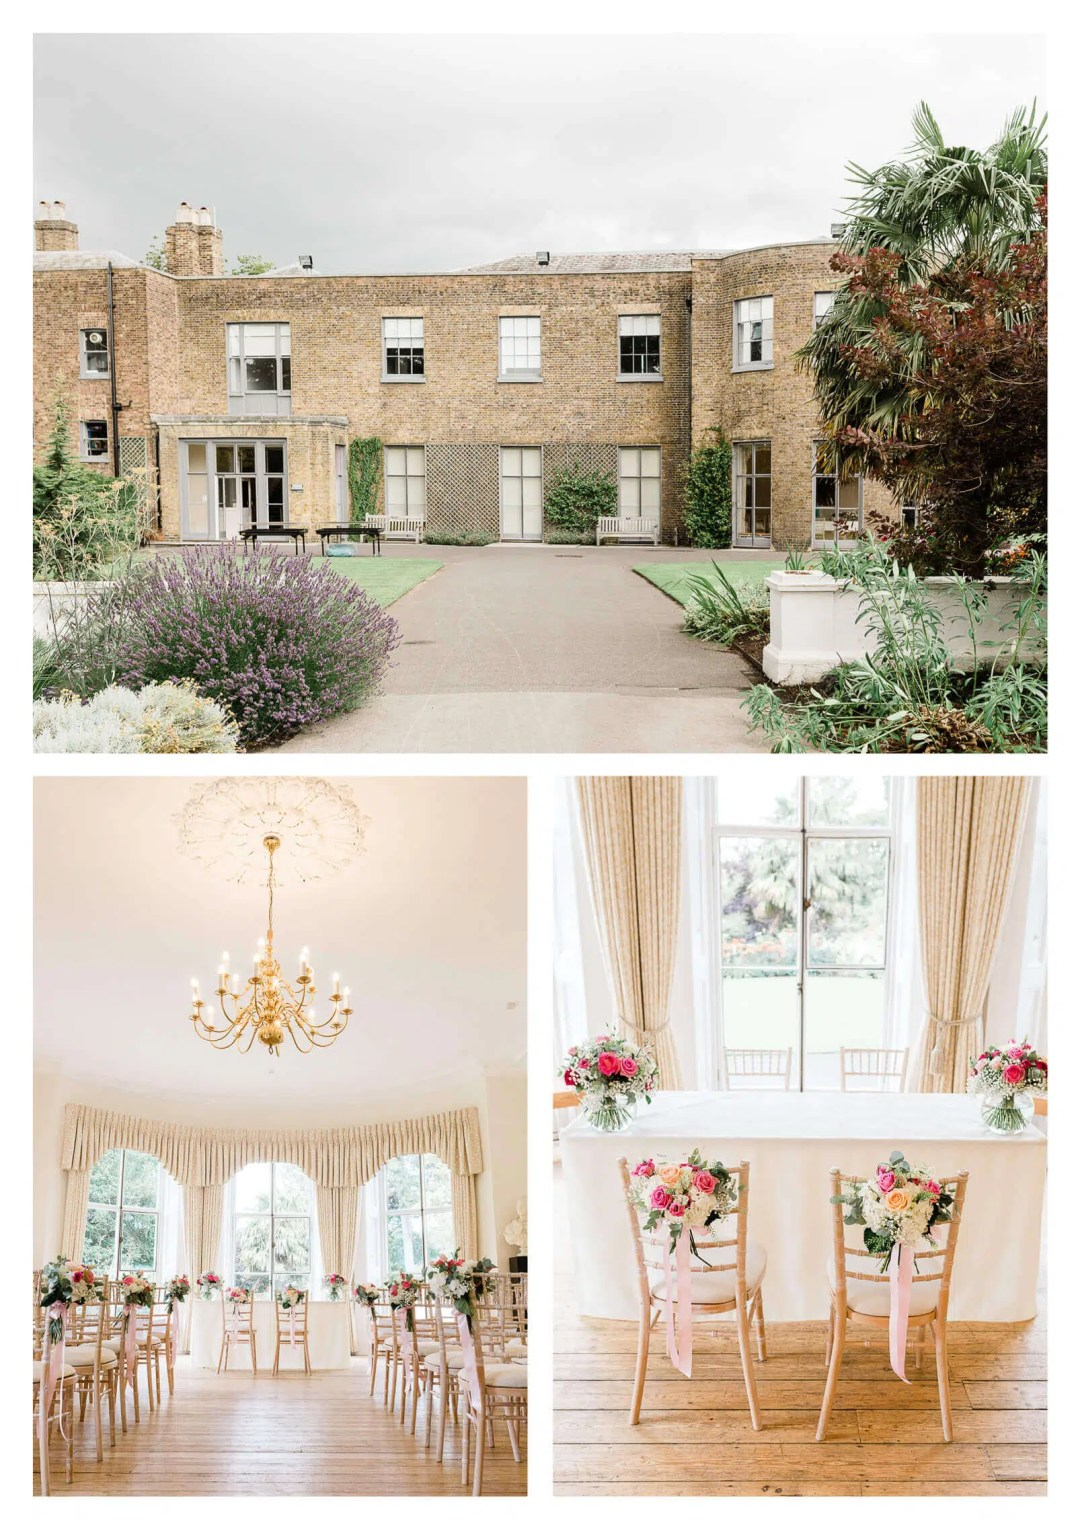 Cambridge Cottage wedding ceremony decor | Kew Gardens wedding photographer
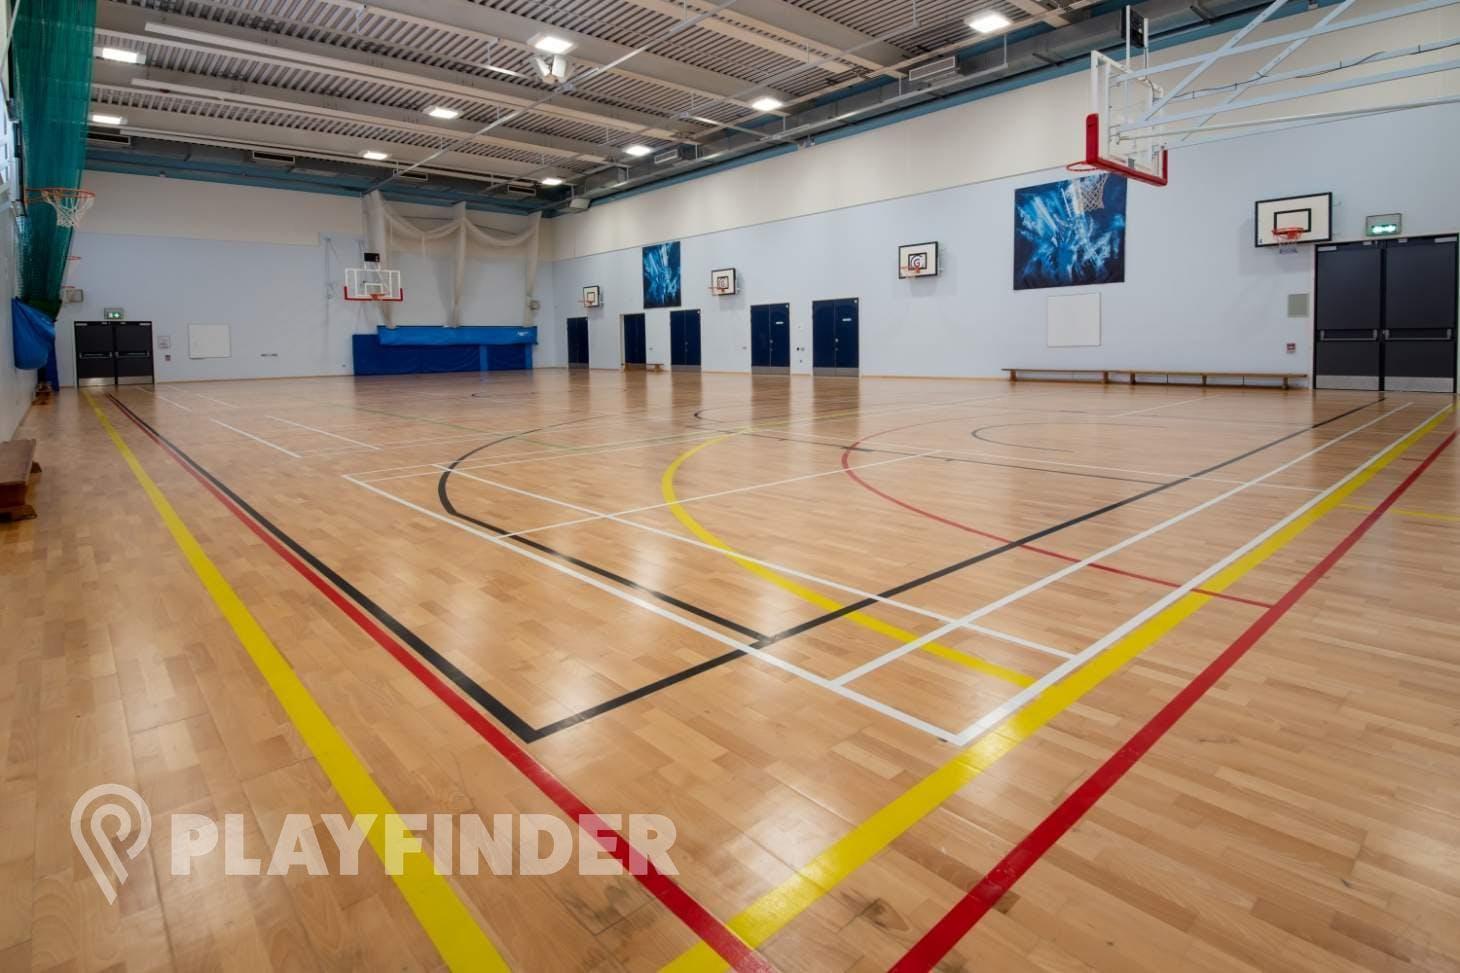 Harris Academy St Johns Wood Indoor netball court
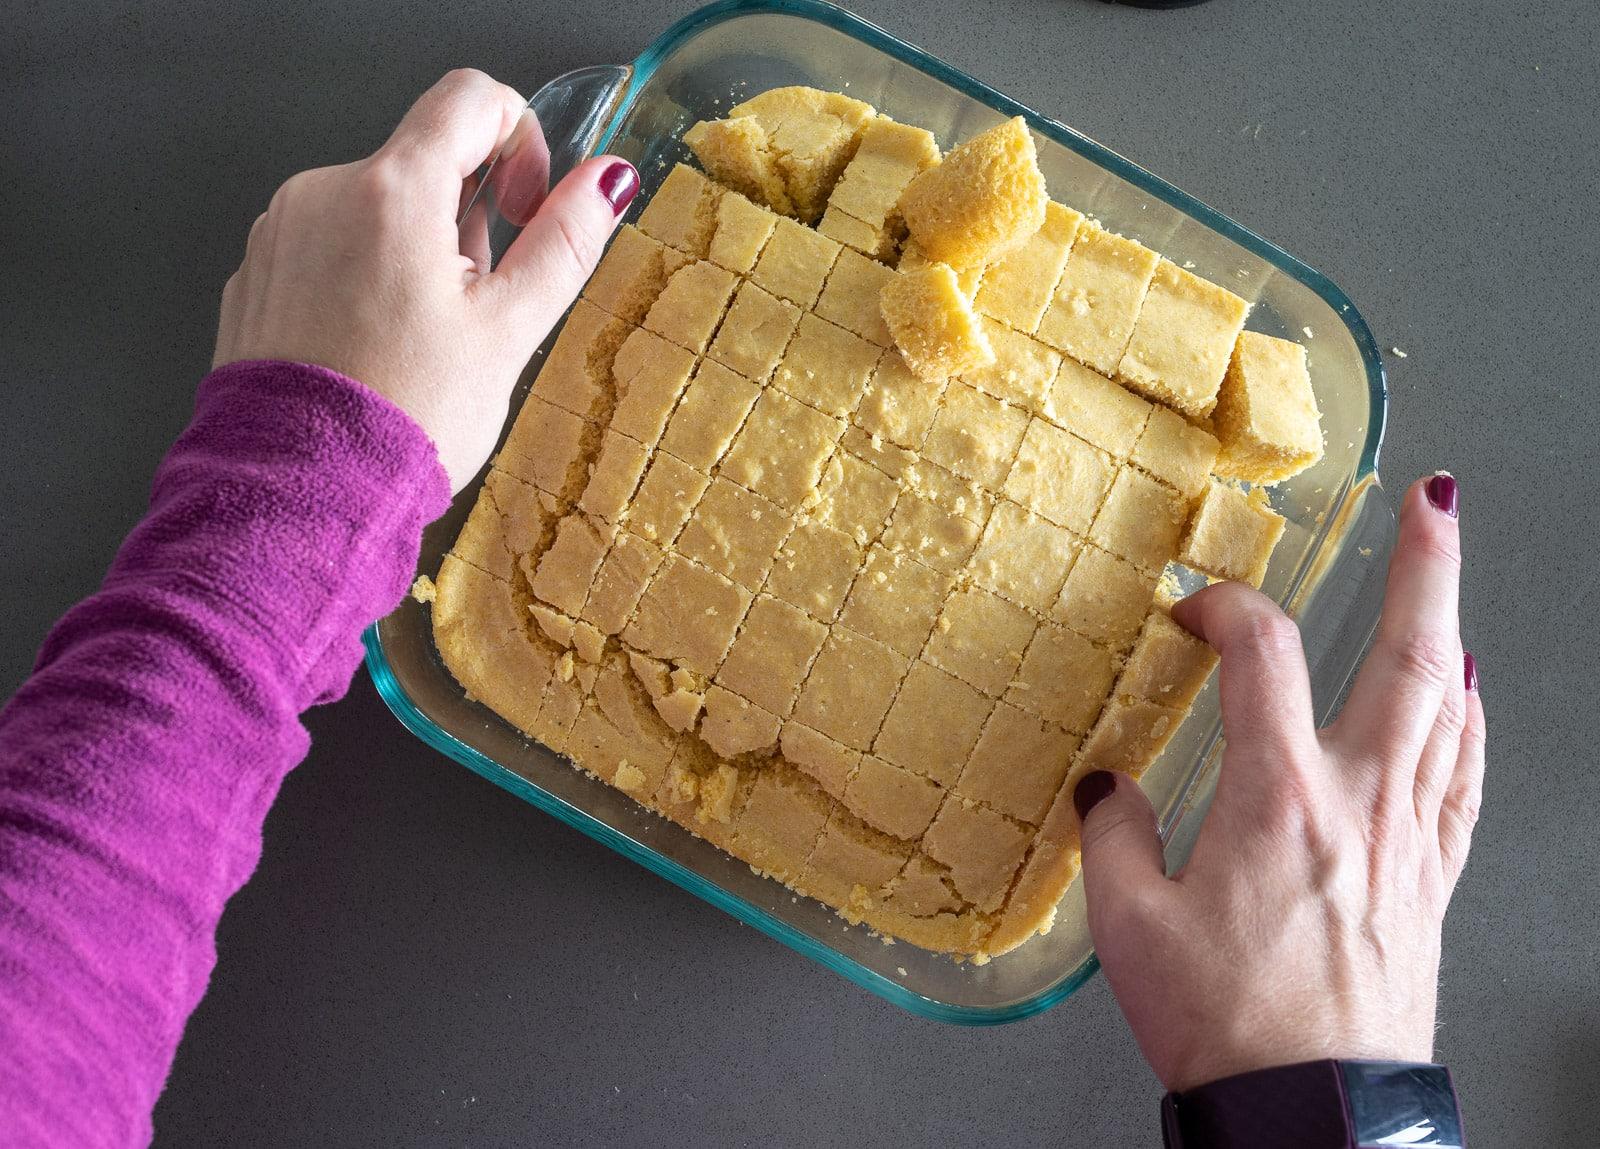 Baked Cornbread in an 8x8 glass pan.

## [Required work]
Lines from the one holding "Harris Academy St" to the end of the data, both ends included, are to be given again exactly; no pictures belong in the copy.

## [Exercise answer]
 Harris Academy St Johns Wood Indoor netball court
 Baked Cornbread in an 8x8 glass pan.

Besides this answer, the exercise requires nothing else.